The main contents and conclusions of the thesis include the following points:
1. The structure scheme of the heavy series oil-electric hybrid power system is presented in this paper. The power transmission system model of the series hybrid power loader is established by combining the theoretical formula with the empirical formula. To achieve the minimum power constraint condition, a parameter matching optimization scheme is implemented.
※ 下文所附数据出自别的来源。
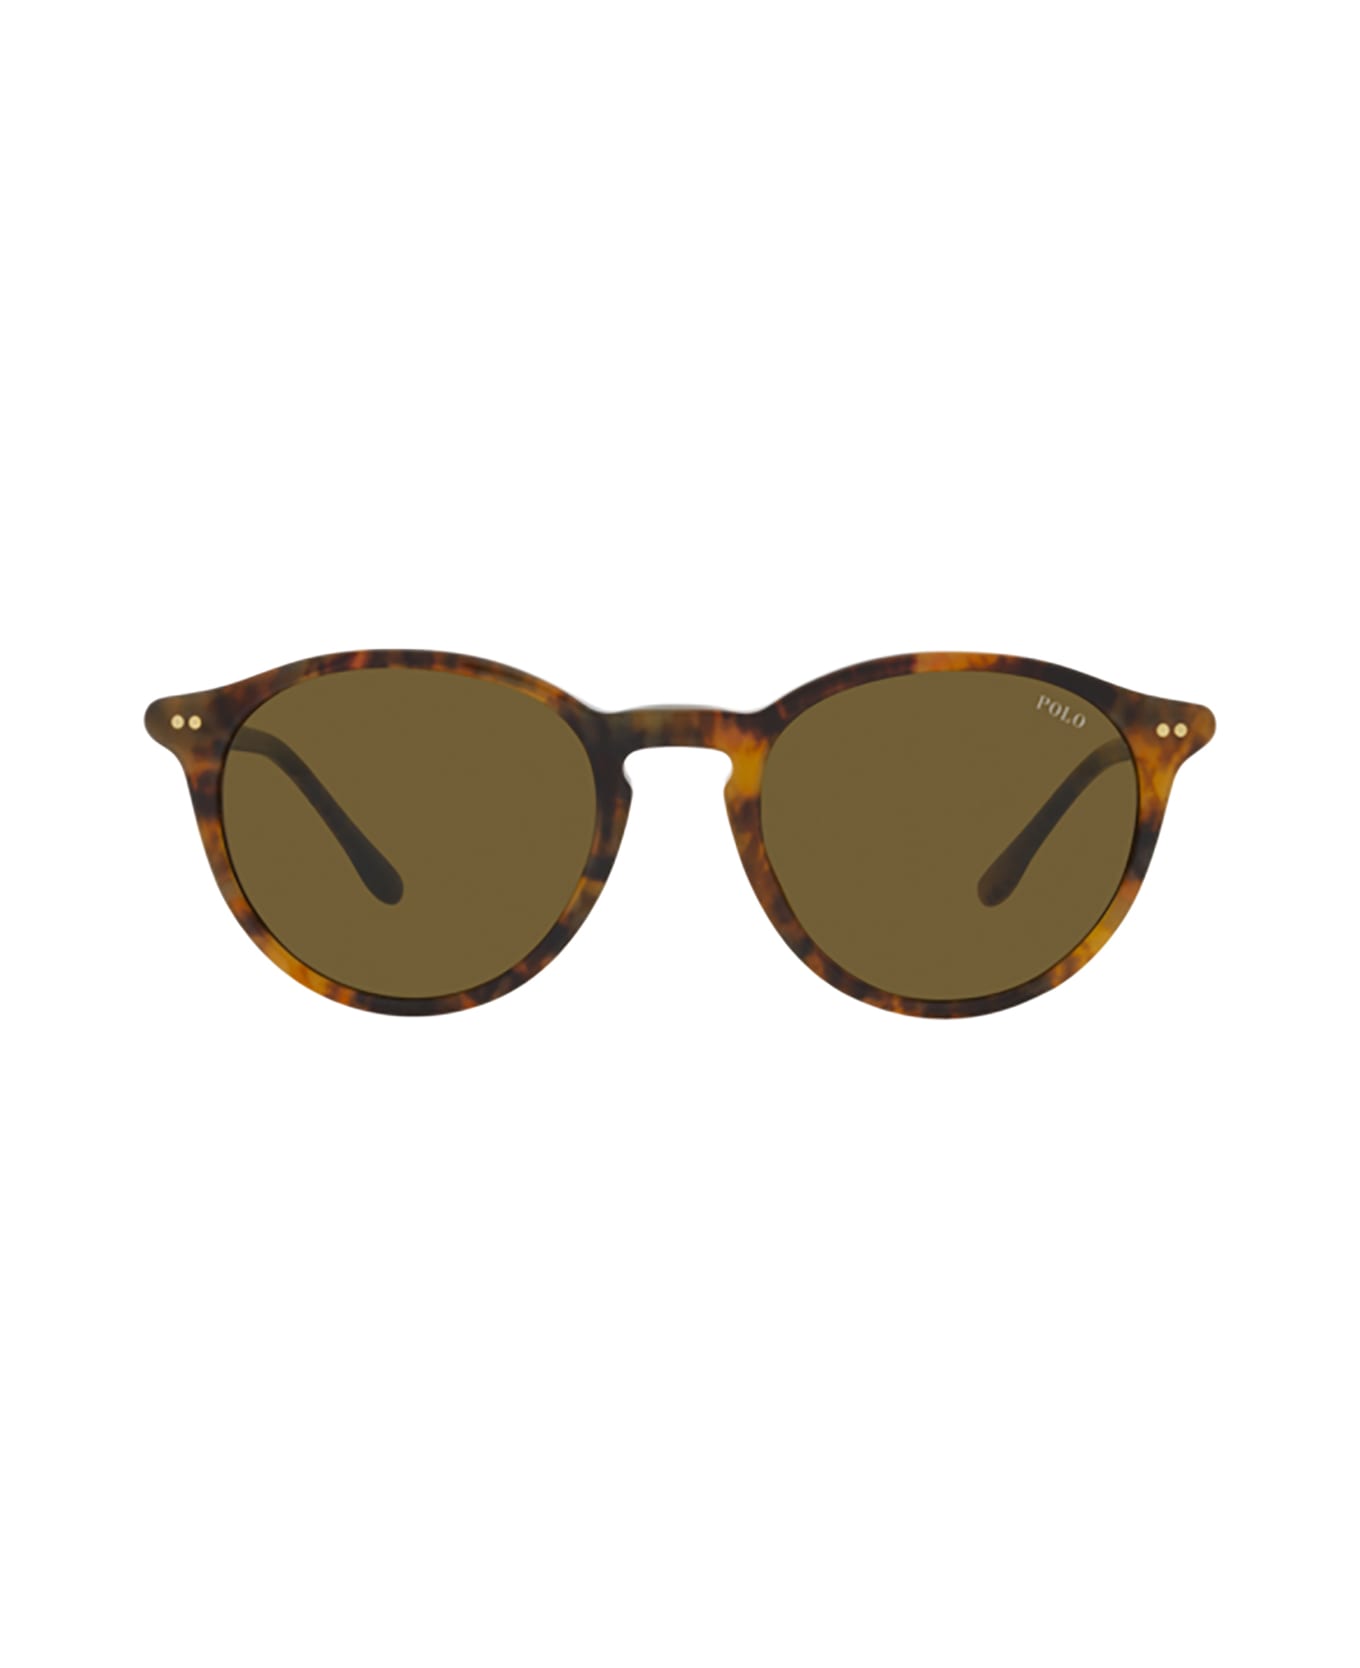 Polo Ralph Lauren Ph4193 Shiny Beige Tortoise Sunglasses - Shiny Beige Tortoise

2. The control strategy of Series Series Heavy Hybrid Power Loader System is studied. The self-judgment multi-point control strategy and fuzzy logic control strategy are proposed. The fuzzy logic controller is designed and the control strategy structure and control rules are established. The bench test results show that the two control strategies can ensure the basic work of the engine. At constant engine speed, the self-judging multi-working point switching control strategy saves about 12% fuel compared with the traditional loader, and the fuzzy logic control strategy saves about 14.03% fuel compared with the traditional loader; at variable engine speed, the self-judging score is adopted. The switching control strategy of segment multi-working point saves about 15.05% fuel compared with the traditional loader, and the fuzzy logic control strategy saves about 17.27% fuel compared with the traditional loader.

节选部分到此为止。